Exercise data:
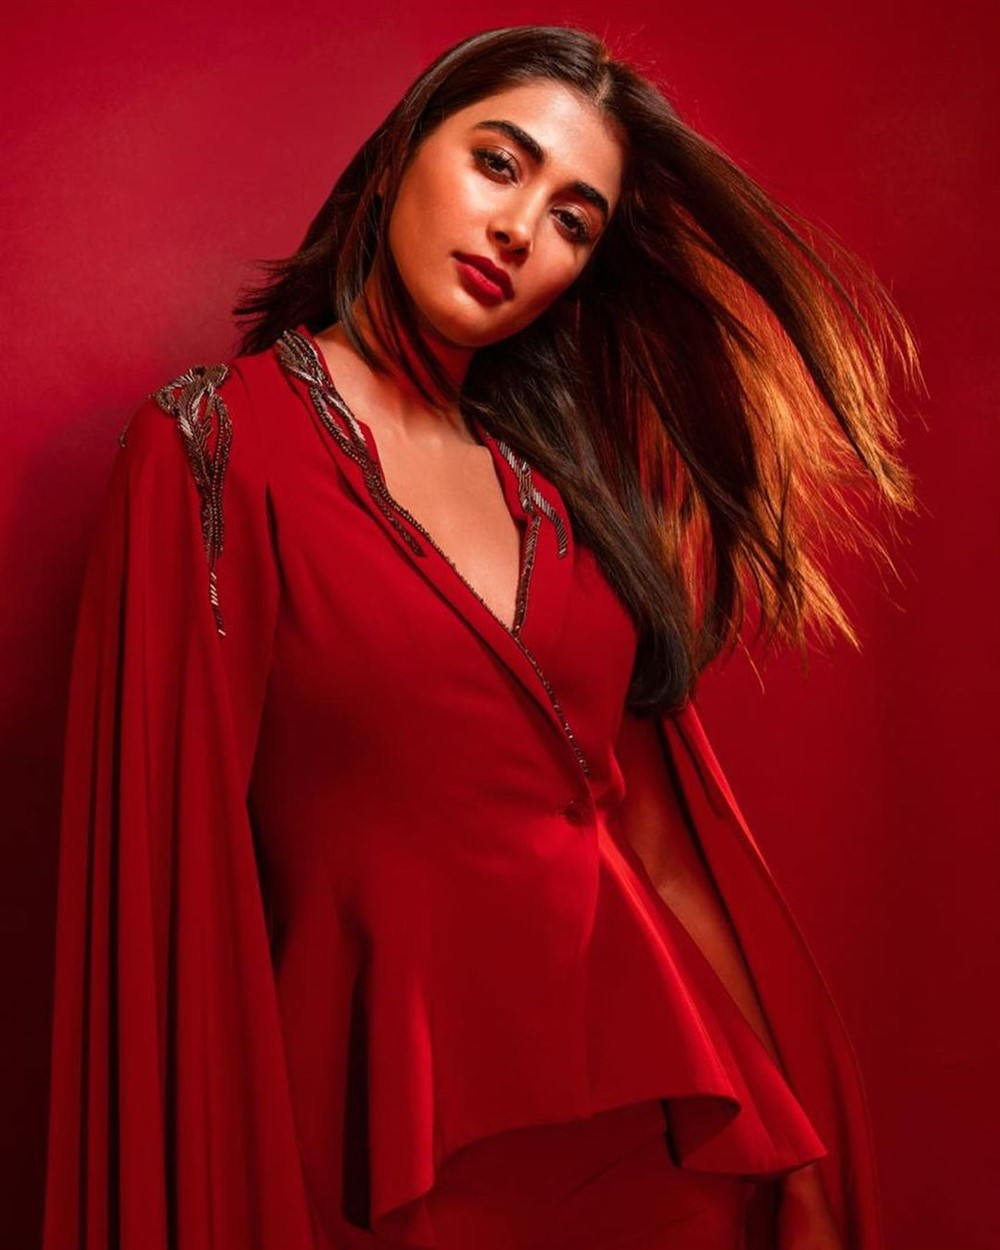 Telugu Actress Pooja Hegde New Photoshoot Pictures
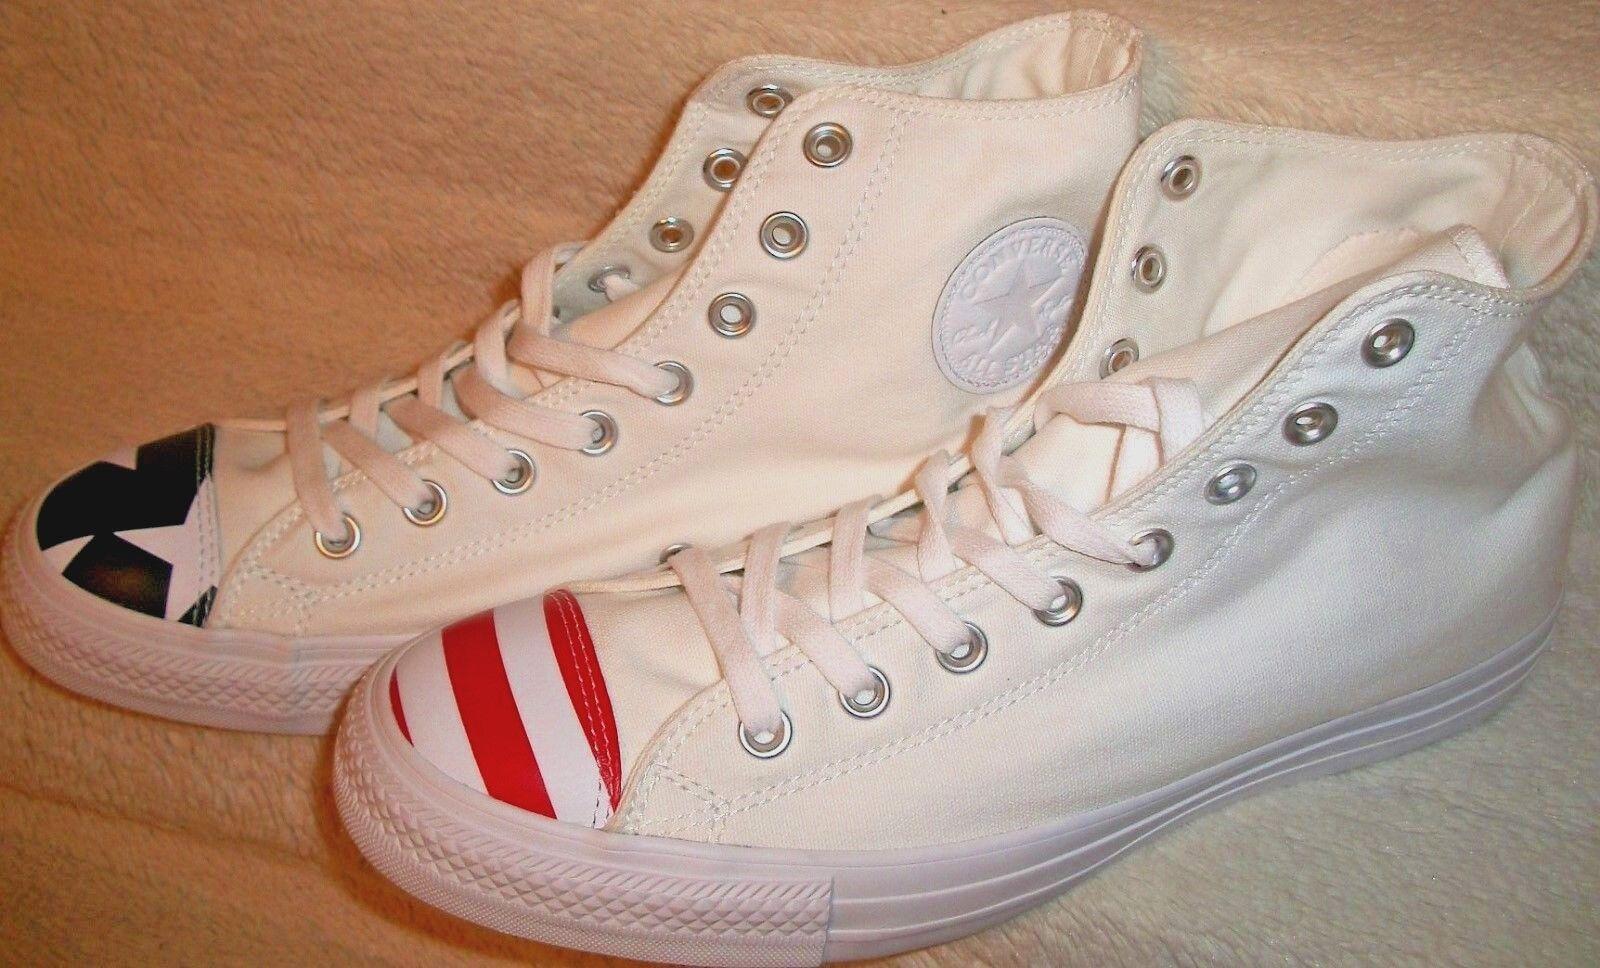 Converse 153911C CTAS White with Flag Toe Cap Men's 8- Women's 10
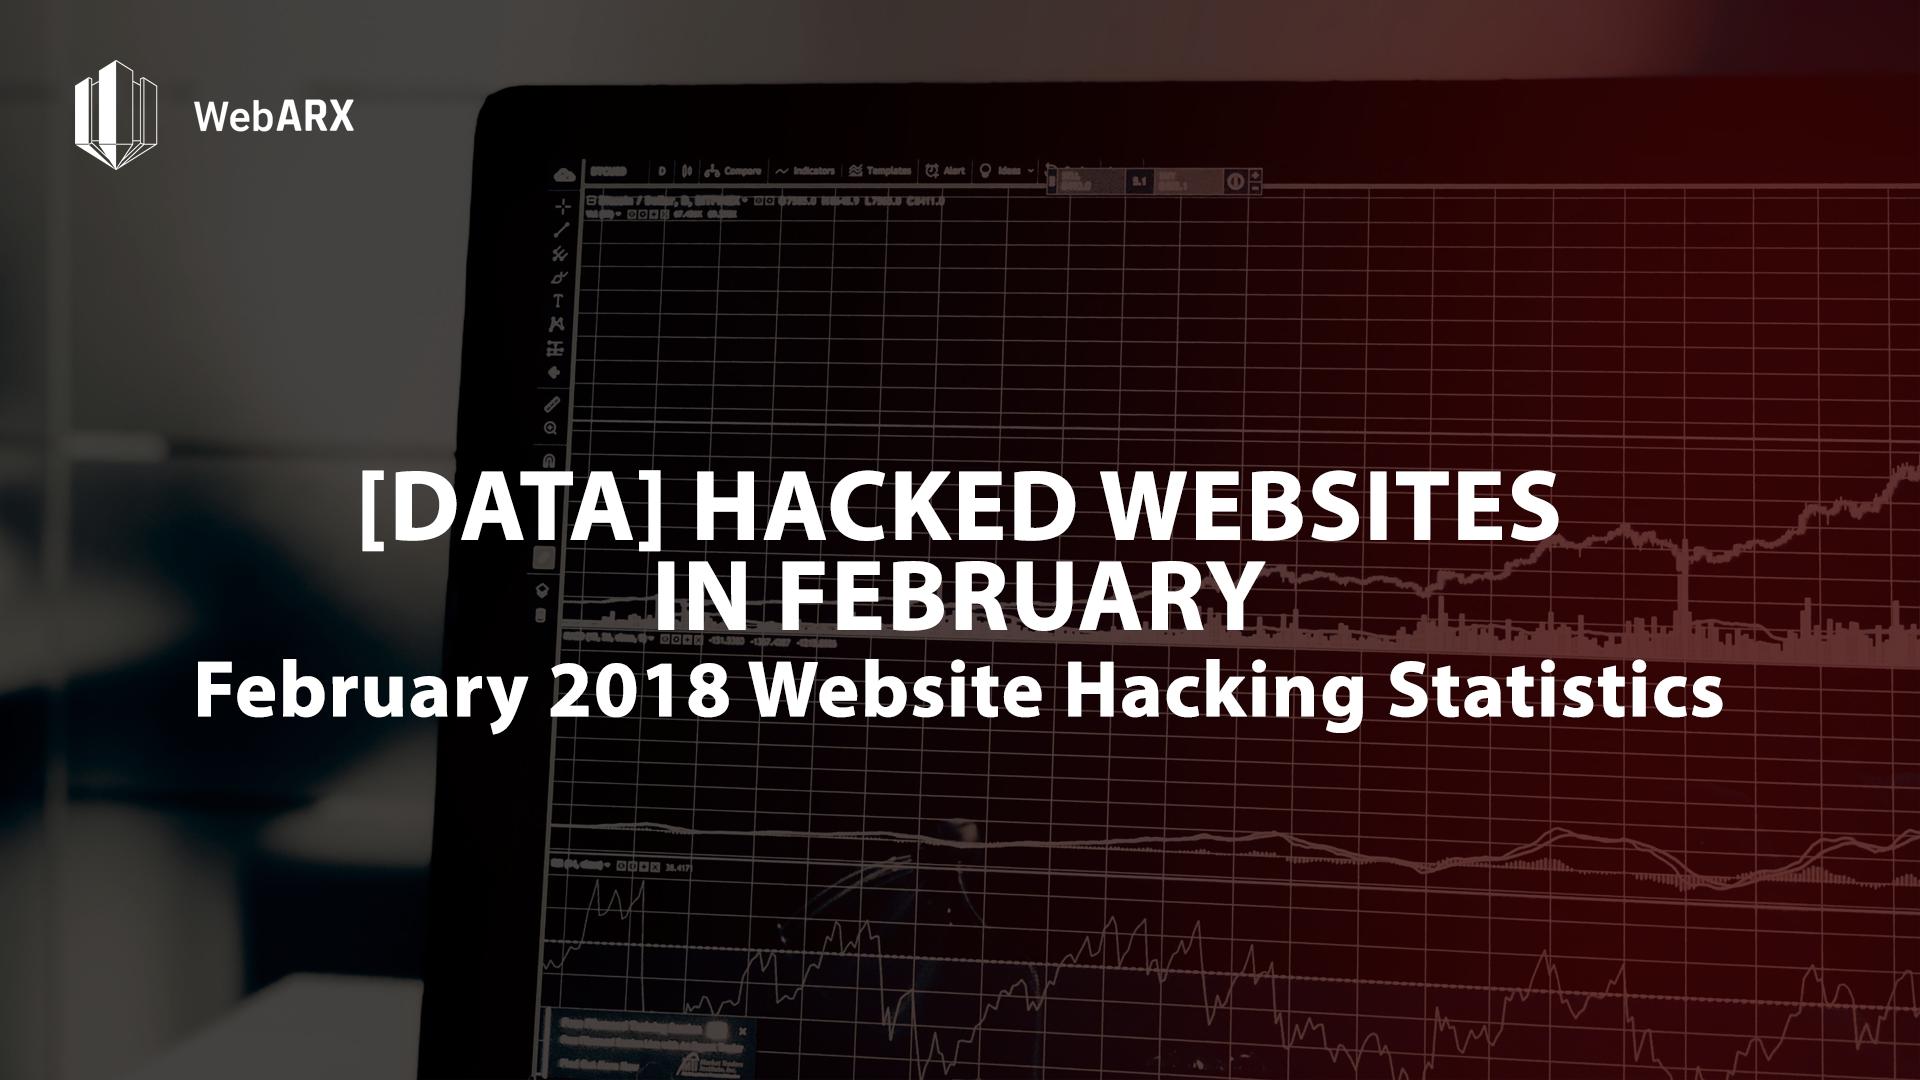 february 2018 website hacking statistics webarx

Task brief: The answer must be the whole listing, word for word, with no pictures in it. Please write it out.

Exercise output:
 Telugu Actress Pooja Hegde New Photoshoot Pictures
 Converse 153911C CTAS White with Flag Toe Cap Men's 8- Women's 10
 february 2018 website hacking statistics webarx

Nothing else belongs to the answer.